YOUR OBJECTIVE – Please write out only the lines from the line with "Bahrain-Flagge, Vektorillustration vektor" to the line with "Brushed DC Motor", inclusive, exactly as they stand below, without the pictures.

INFORMATION PROVIDED –
╔══

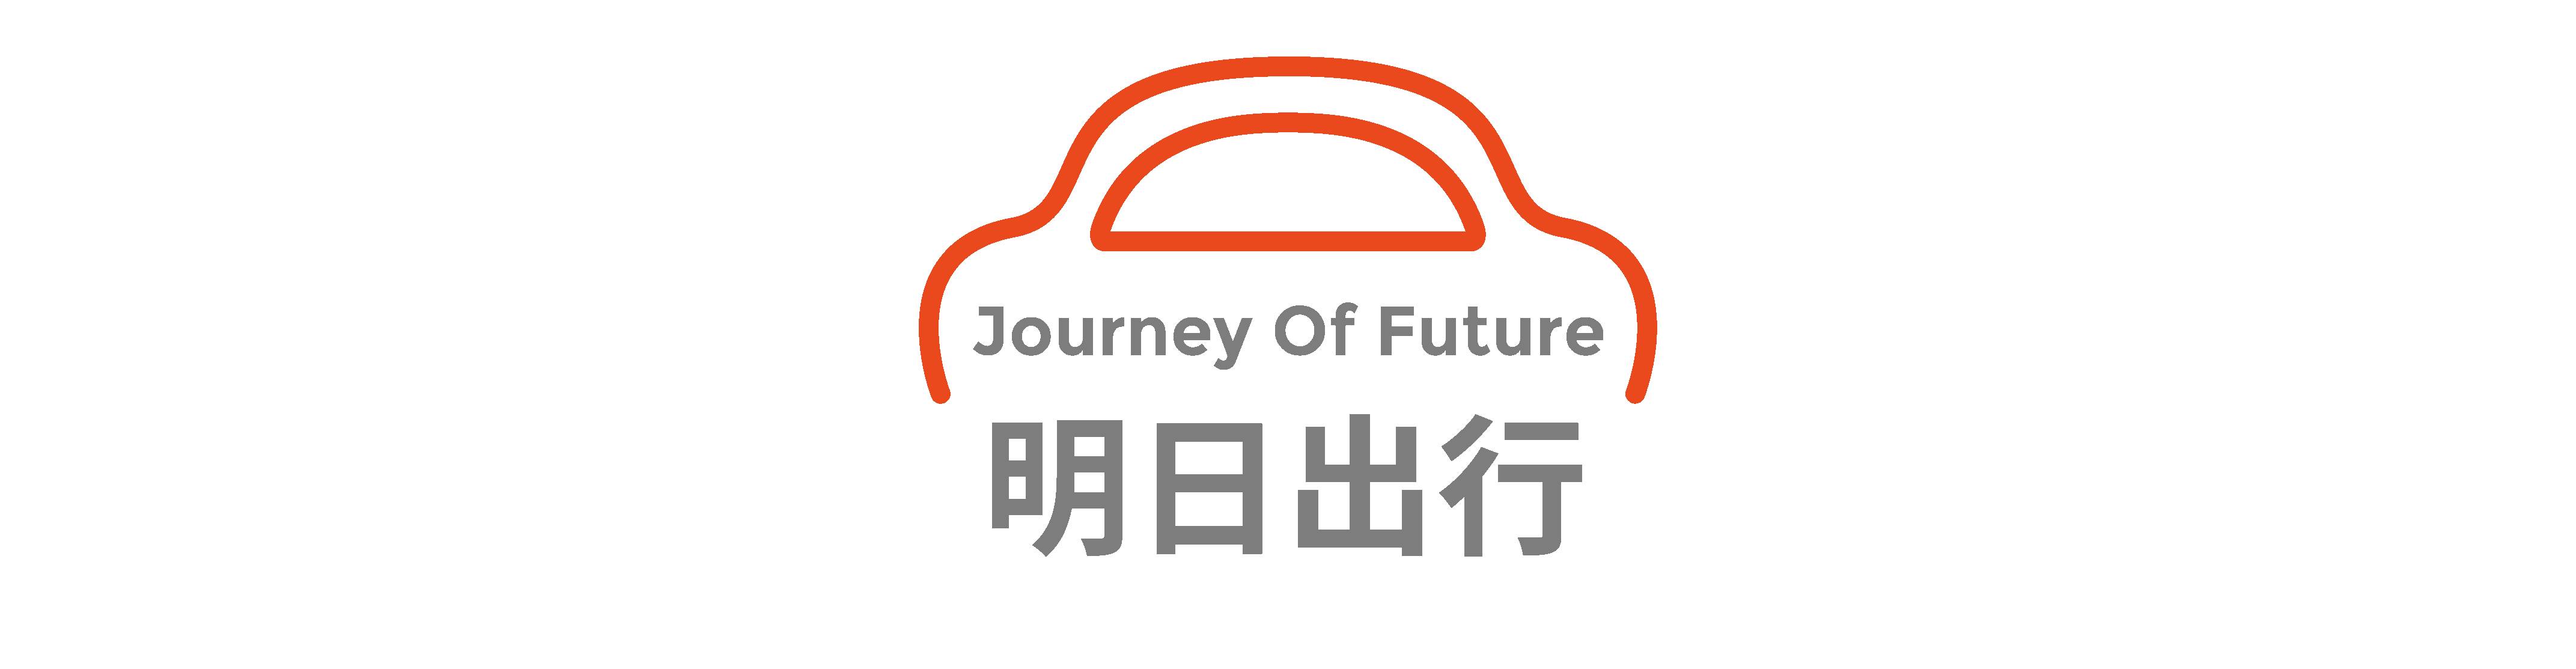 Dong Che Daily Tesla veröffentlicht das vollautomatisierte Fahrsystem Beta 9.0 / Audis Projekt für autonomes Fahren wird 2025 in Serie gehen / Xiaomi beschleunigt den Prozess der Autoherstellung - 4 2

╚══
╔══

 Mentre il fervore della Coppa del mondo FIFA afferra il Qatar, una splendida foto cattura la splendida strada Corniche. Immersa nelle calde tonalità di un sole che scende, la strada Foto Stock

╚══
╔══

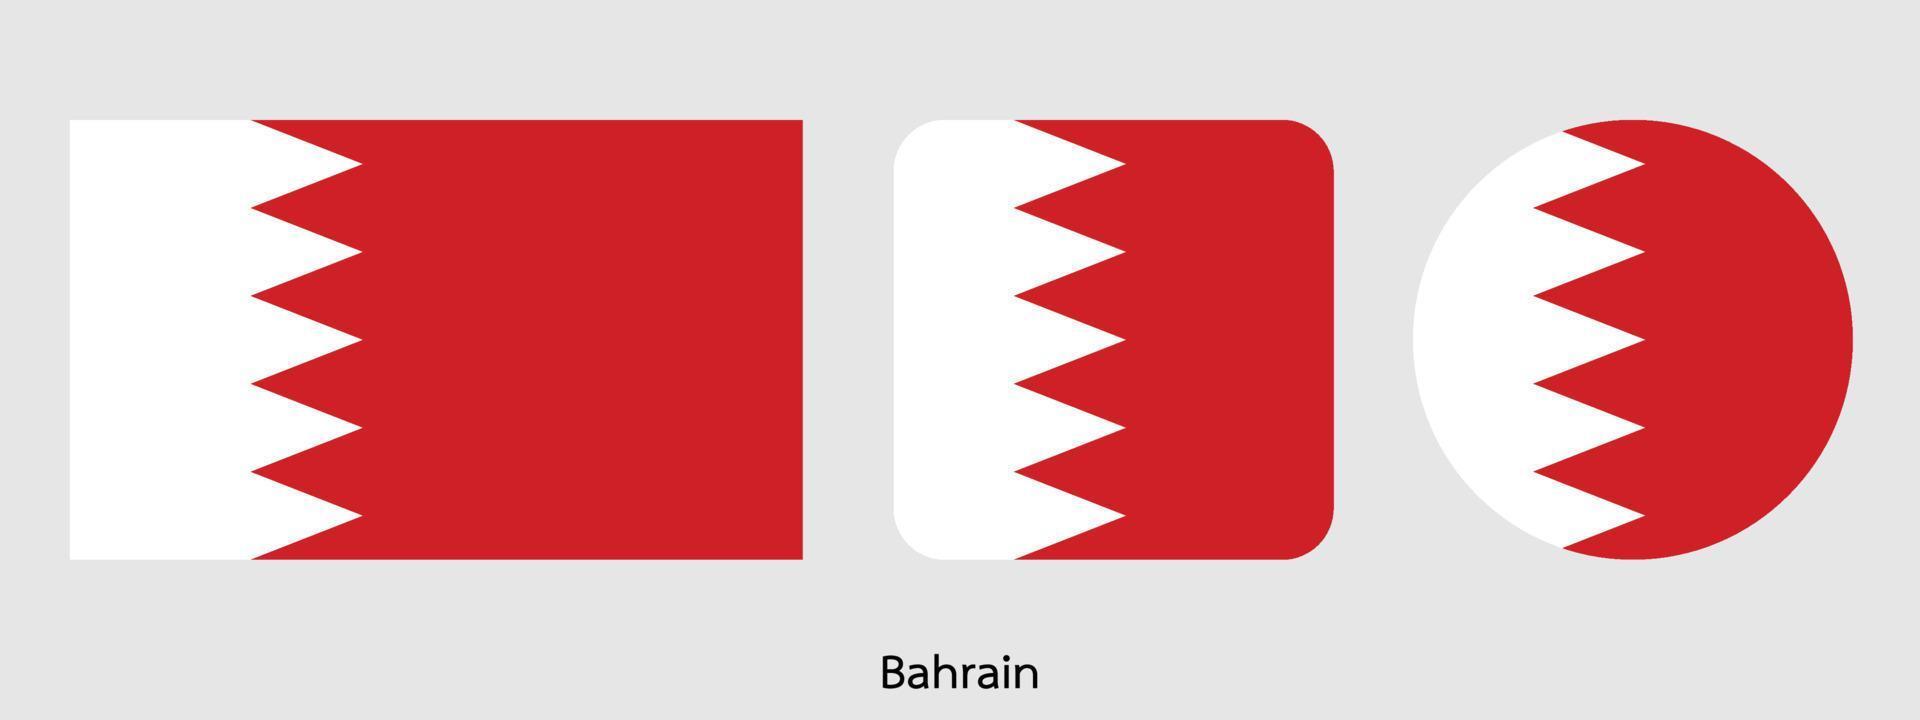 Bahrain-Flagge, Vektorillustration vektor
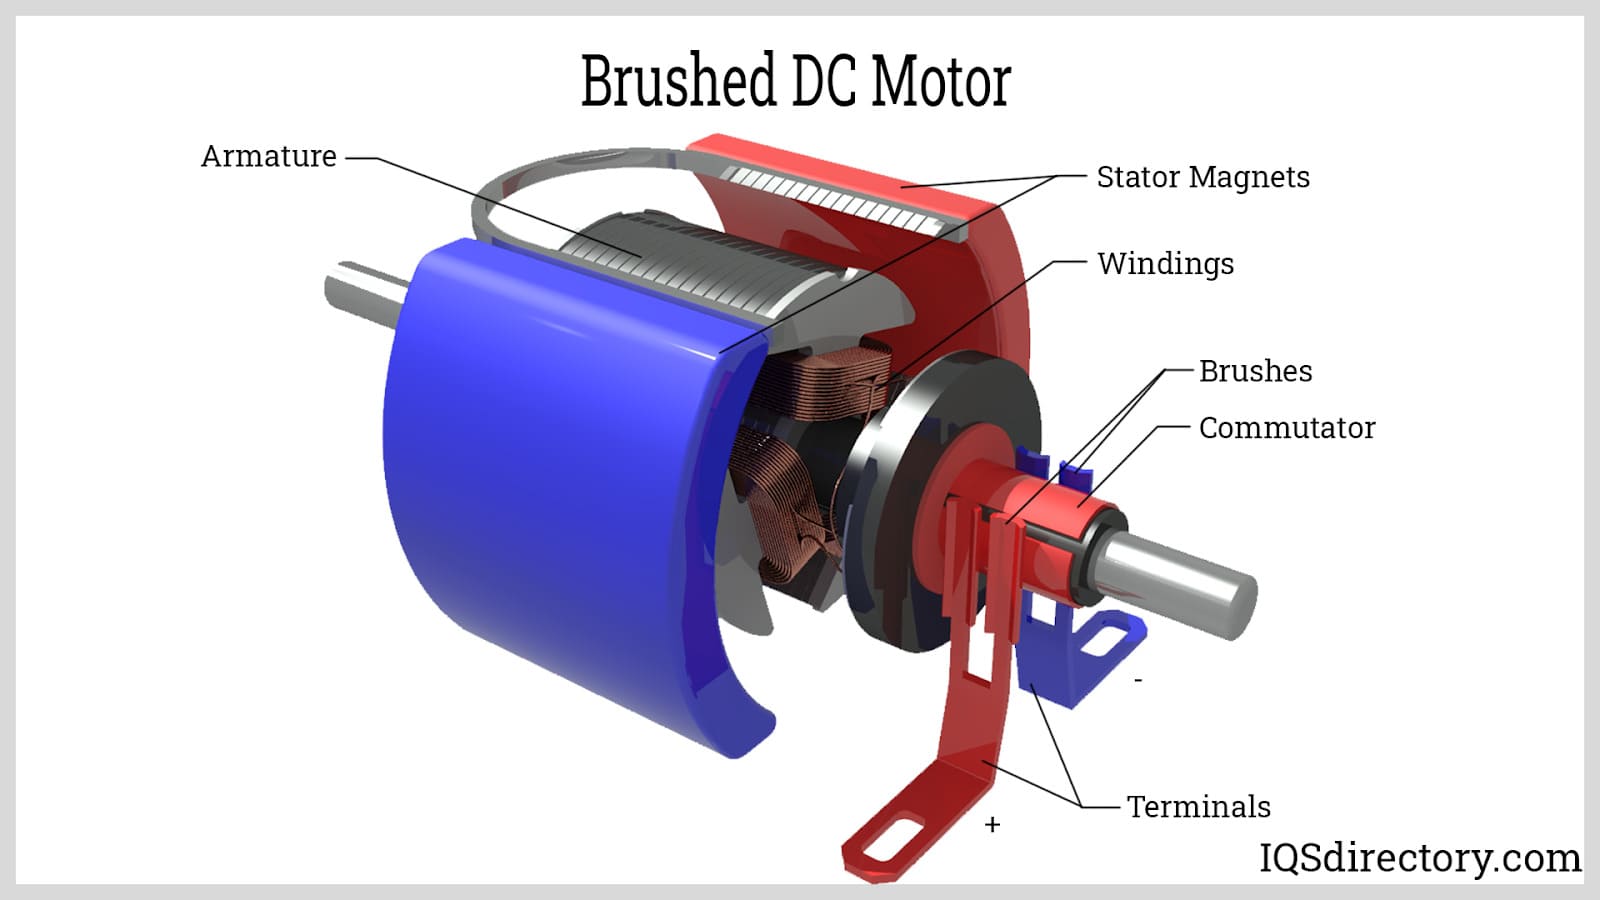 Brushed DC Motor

╚══

ANSWER TO THIS PROBLEM –
 Bahrain-Flagge, Vektorillustration vektor
 Brushed DC Motor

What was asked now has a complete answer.